Richard Spencer’s benefactor

William H. Regnery II, the heir to a textile fortune who died earlier this year was rarely in the public eye, but his white supremacist views were no secret. In 2001 he founded the Charles Martel Society, named for the Frankish king who defeated a Muslim army at the Battle of Tours in 732. The society produces The Occidental Quarterly. Fearing white people were in danger of extinction, he announced plans in 2004 to start a whites only dating site. While the site never eventuated, the fear remained. He proclaimed in a 2006 speech: “The white race may go from master of the universe to an anthropological curiosity.”

As the Charles Martel Society is a space for extremists to share their writings with other extremists (essays in the Occidental Quarterly have titles such as “Reflections on Some Aspects of Jewish Self-Deception.”) Regnery started the National Policy Institute in 2005 with the aim of injecting white-supremacist ideas into more mainstream political conversations, spending $380,000 to do so. He hired the alt-right figure Richard Spencer in 2011.

Donald Trump’s presidential campaign, calling for immigration restrictions and other policies long advocated by the institute, energised the far-right.

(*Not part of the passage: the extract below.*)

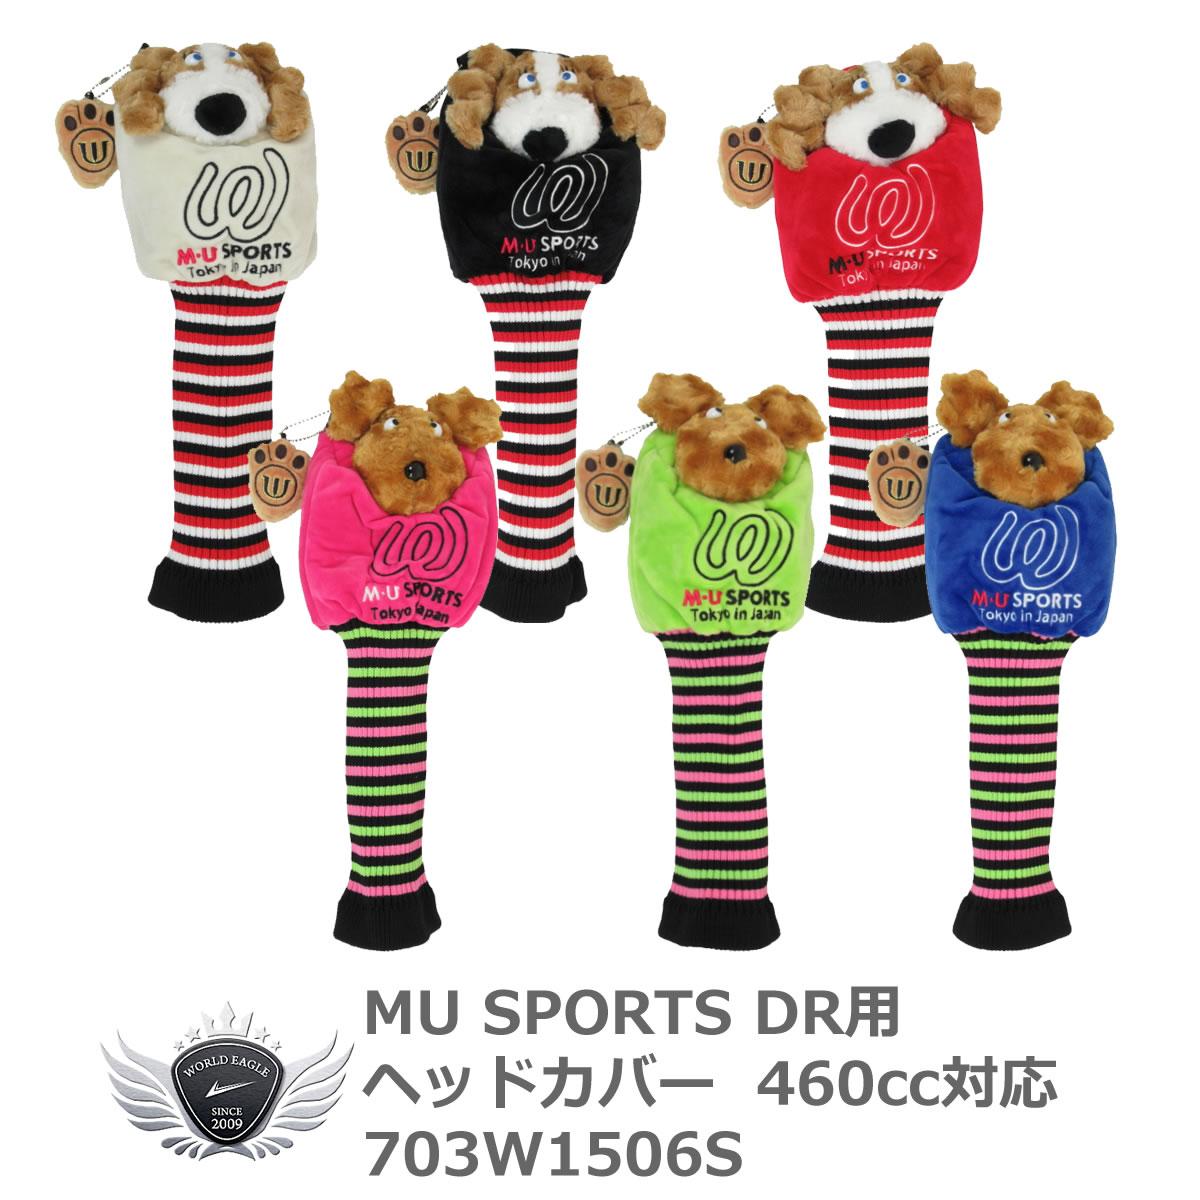 MU SPORTS エムユースポーツ ドライバー用ヘッドカバー 460cc対応 703W1506S 犬 かわいい【あす楽】

It was at a National Policy Institute conference following Trump’s victory where Spencer famously proclaimed: “Hail Trump!, Hail our people!, Hail Victory!”, eliciting Nazi style salutes from members of the audience. Less widely reported on were Regnery’s comments: “I never thought in my life I would experience an event such as this, and I am now persuaded that with your courage the alt-right side of history will prevail.”

In 2017 Buzzfeed News quoted Regnery as saying “My support has produced a much greater bang for the buck than by the brothers Koch or Soros Inc.”2

The old money funding race-science

While eugenics and race-science have since been widely discredited, these ideas were mainstream in the scientific establishment for close to two centuries, only falling out of favour following the atrocities of the Holocaust. Occasionally these ideas again penetrate mainstream thinking, such with the popularity of the 1994 book The Bell Curve, by Richard Herrnstein and Charles Murray, which claimed that certain non-white racial groups have inherently lower intelligence, or more recently with the now removed YouTube channel of Stefan Molyneux, who promoted the same idea as an argument against immigration to predominantly white countries.

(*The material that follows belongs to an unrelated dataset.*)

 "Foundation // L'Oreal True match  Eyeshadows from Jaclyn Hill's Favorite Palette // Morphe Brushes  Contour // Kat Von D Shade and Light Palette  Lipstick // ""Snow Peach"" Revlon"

With mainstream scientific journals no longer publishing their work by the mid-20th century, several like-minded researchers including former Nazi scientist Otmar von Verschuer and British eugenicist Roger Pearson, established their own journal, Mankind Quarterly, in 1960. According to Angela Saini’s 2019 book Superior: The Return of Race Science, “Their aims were simple: to challenge what they saw as a politically correct, left-wing conspiracy around race and bring back some scientific objectivity.”

The financial backing for Mankind Quarterly came from a reclusive multimillionaire whose wealth had its roots in plantation slavery. Described by Saini as “a diehard segregationist”, Wickliffe Draper was descended from the largest slaveholder in the state of Kentucky. In 1959 Draper set up the International Association for the Advancement of Ethnology and Eugenics, to produce and publish documents on race.

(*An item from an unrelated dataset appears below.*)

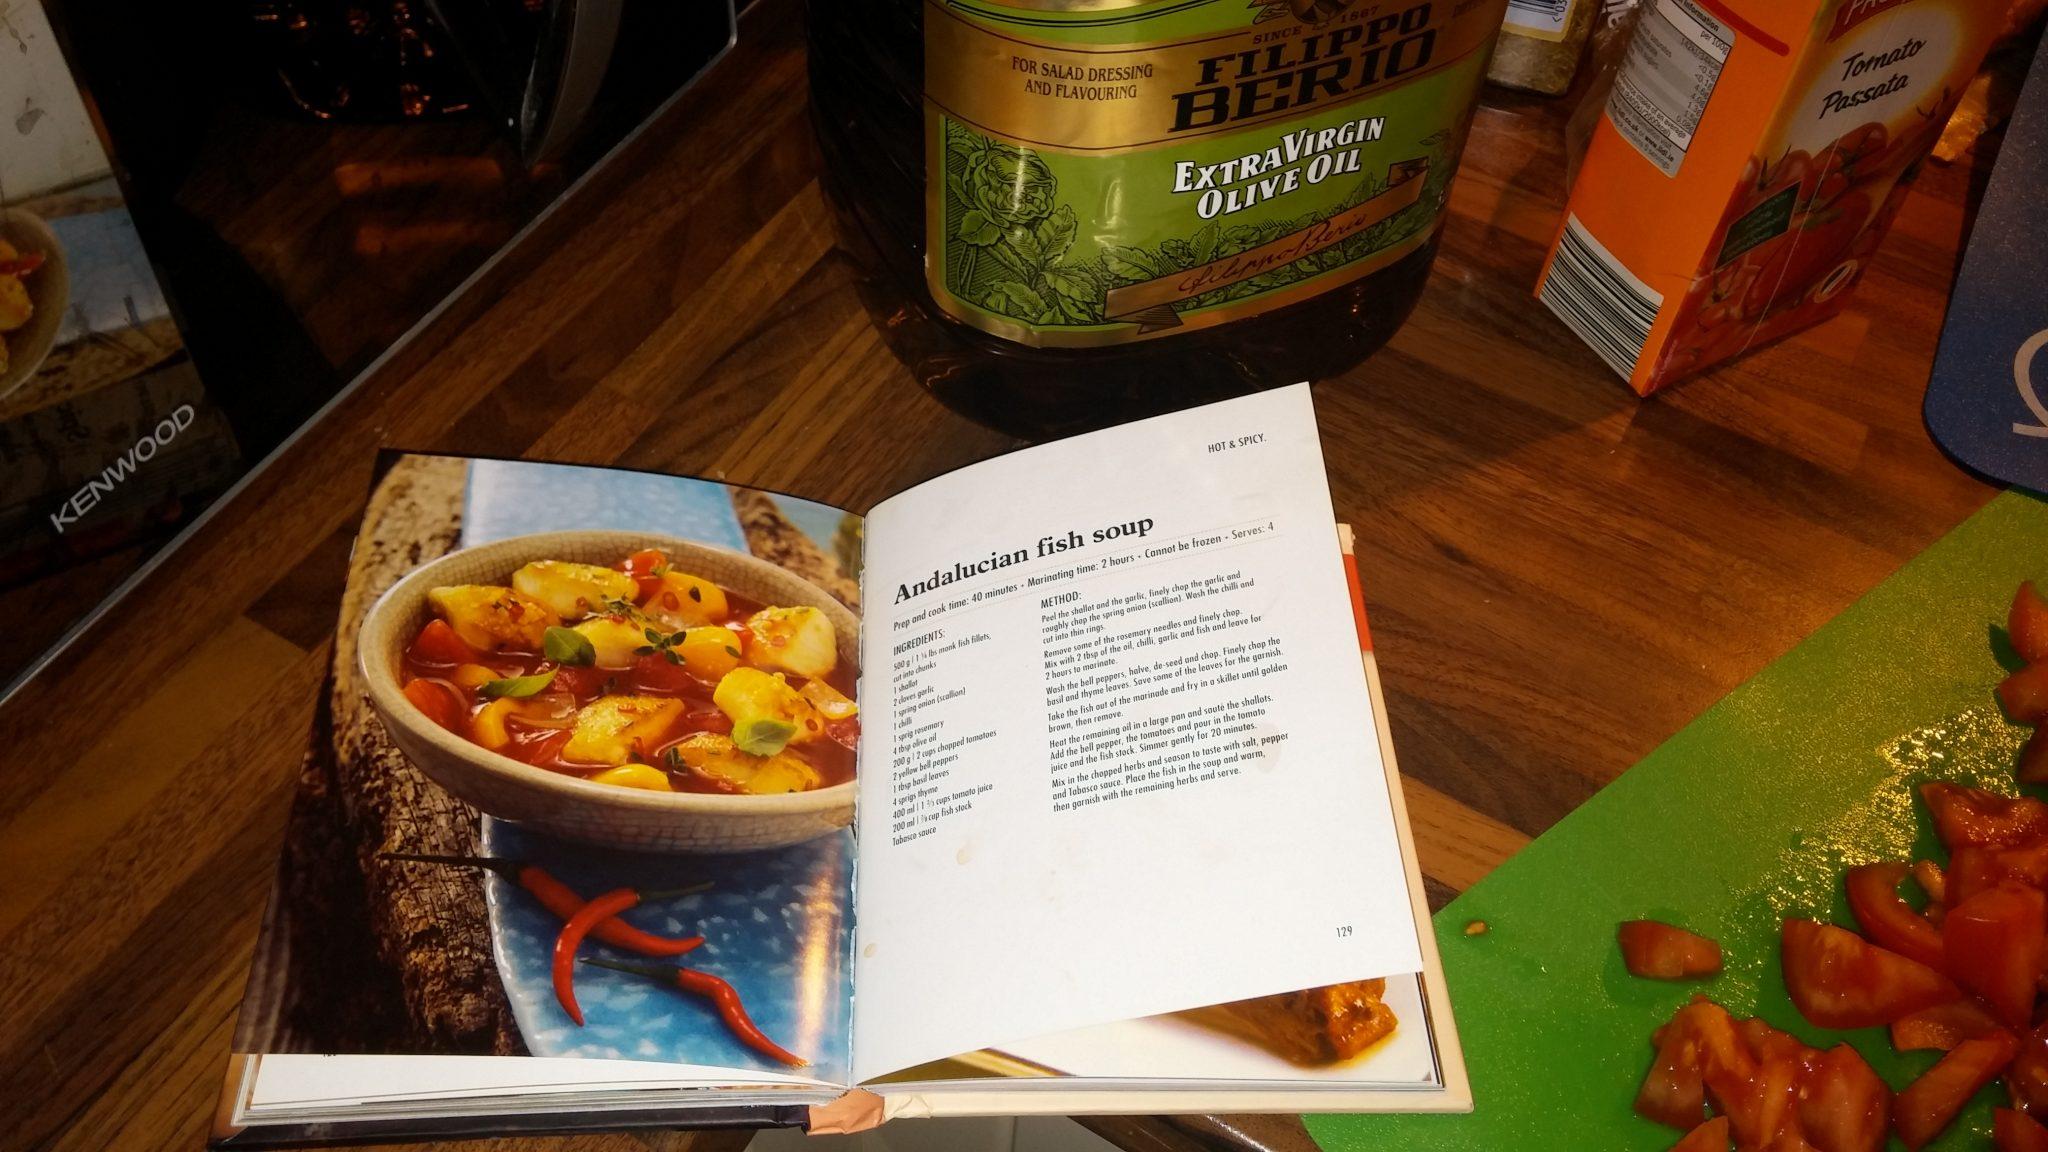 Test Kitchen: Andalucian fish stew (yum yum yum)!

In his 2002 book The Funding of Scientific Racism, William Tucker described the association as “probably the most significant coterie of fascist intellectuals in the post-war United States and perhaps in the entire history of the country.”

Cash gifts were routinely made via Drapers Pioneer Fund, a private foundation whose purpose was to disseminate information on human heredity and eugenics, to scientists who echoed Draper’s political sentiments, while thousands of copies of Mankind Quarterly containing their work were sent out to a list of American political conservatives. Draper died in 1972, but his legacy continues, with Mankind Quarterly still published today.